Founders building AI credit decisioning systems for the European market who treat AI Act compliance as a design constraint from day one — rather than a regulatory obligation to be addressed after launch — will have a meaningful competitive advantage. The regulatory burden of AI Act compliance is real, but it is front-loaded: systems designed with explainability, data governance, and human oversight built in will face significantly lower ongoing compliance costs than systems that must be retrofitted.
While consumer credit decisioning is the application that attracts the most media attention, the most economically significant opportunity for AI-powered credit decisioning in Europe is in SME lending. As noted elsewhere in this report, the European SME finance gap represents approximately €400 billion annually — a structural market failure driven primarily by the cost and inaccuracy of traditional SME underwriting rather than a fundamental absence of creditworthy SME borrowers.
SME credit decisioning is more complex than consumer credit decisioning because small business credit risk involves both the financial health of the business itself and the financial circumstances and behavior of the business owner.

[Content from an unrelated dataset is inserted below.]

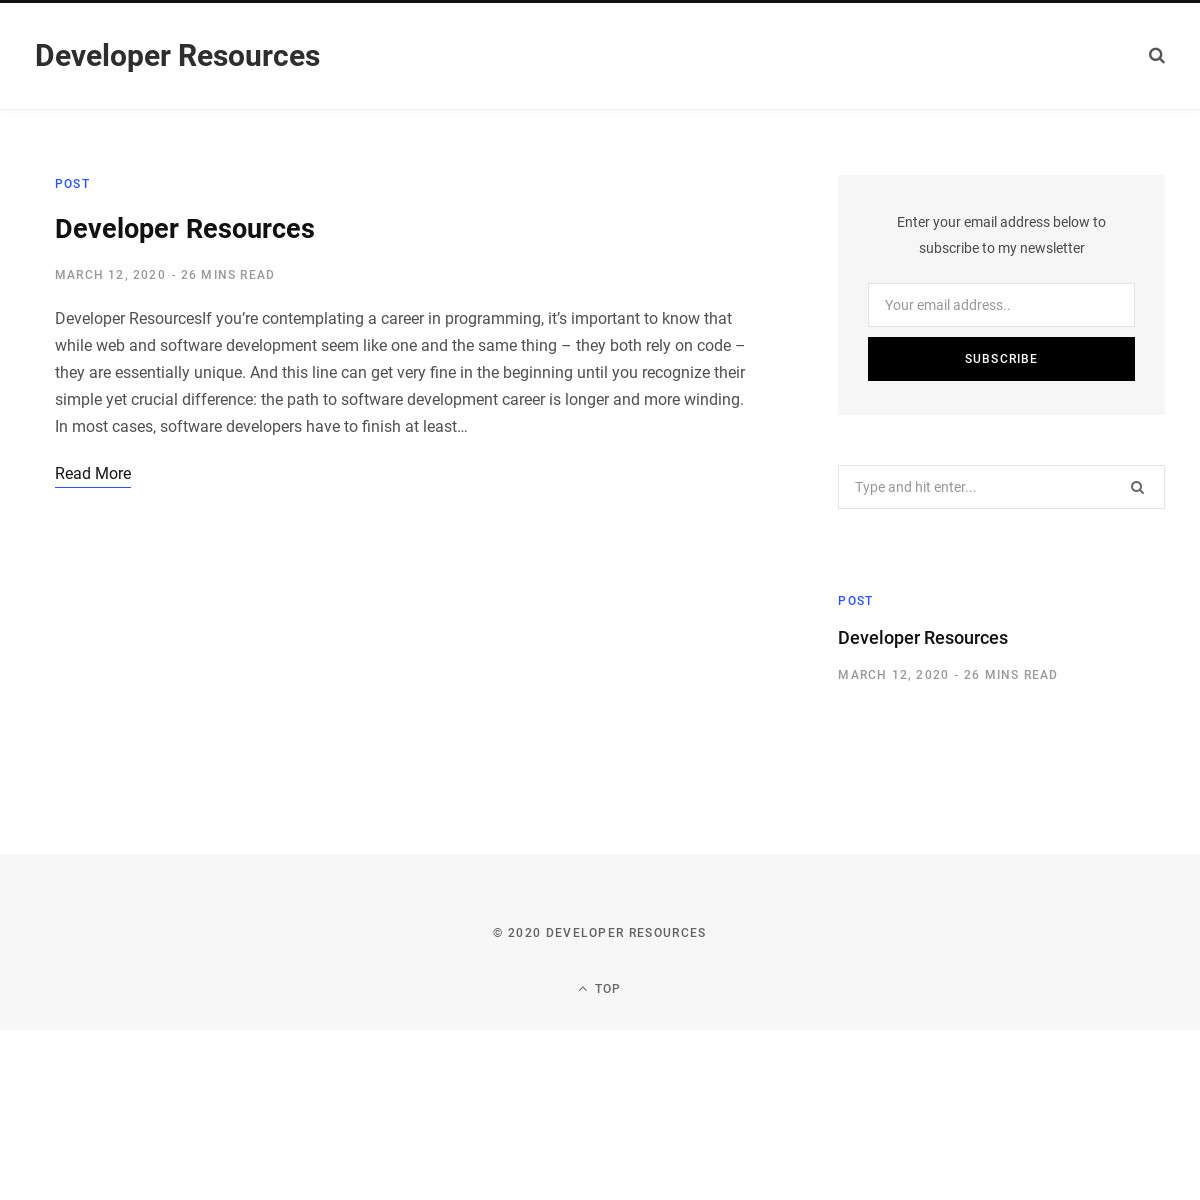 A complete backup of devsource.com

Integrating business financial data — revenue trends, cash flow patterns, accounts receivable aging, supplier payment history — with personal financial data for the business owner, in a model that weights these inputs appropriately for different business types and sizes, is a genuinely hard machine learning problem.
The companies solving this problem are building valuable intellectual property in the form of trained models that have been validated against historical SME loss data. This trained model represents a competitive asset that becomes more valuable with every additional loan originated and every piece of outcome data collected — a genuine data flywheel that makes first-movers in specific SME lending niches increasingly difficult to displace.
At Elinuse AI Capital, AI credit decisioning is one of the fintech investment themes where we have the deepest conviction. We are looking for companies at multiple layers of the AI lending infrastructure stack: decisioning engines that can be licensed to banks, credit unions, and neobanks; alternative data aggregation and enrichment platforms that provide the raw inputs for AI credit models; explainability and model governance platforms that help financial institutions comply with AI Act requirements; and direct lending businesses that use proprietary AI decisioning to serve underserved borrower segments.
The market timing is ideal. Open banking data access has matured. AI model capabilities have advanced dramatically. The regulatory framework under the AI Act and GDPR is clarifying. And the demand from the 25 to 30 percent of European adults who are underserved by traditional credit scoring is growing as financial inclusion becomes a policy priority across the EU.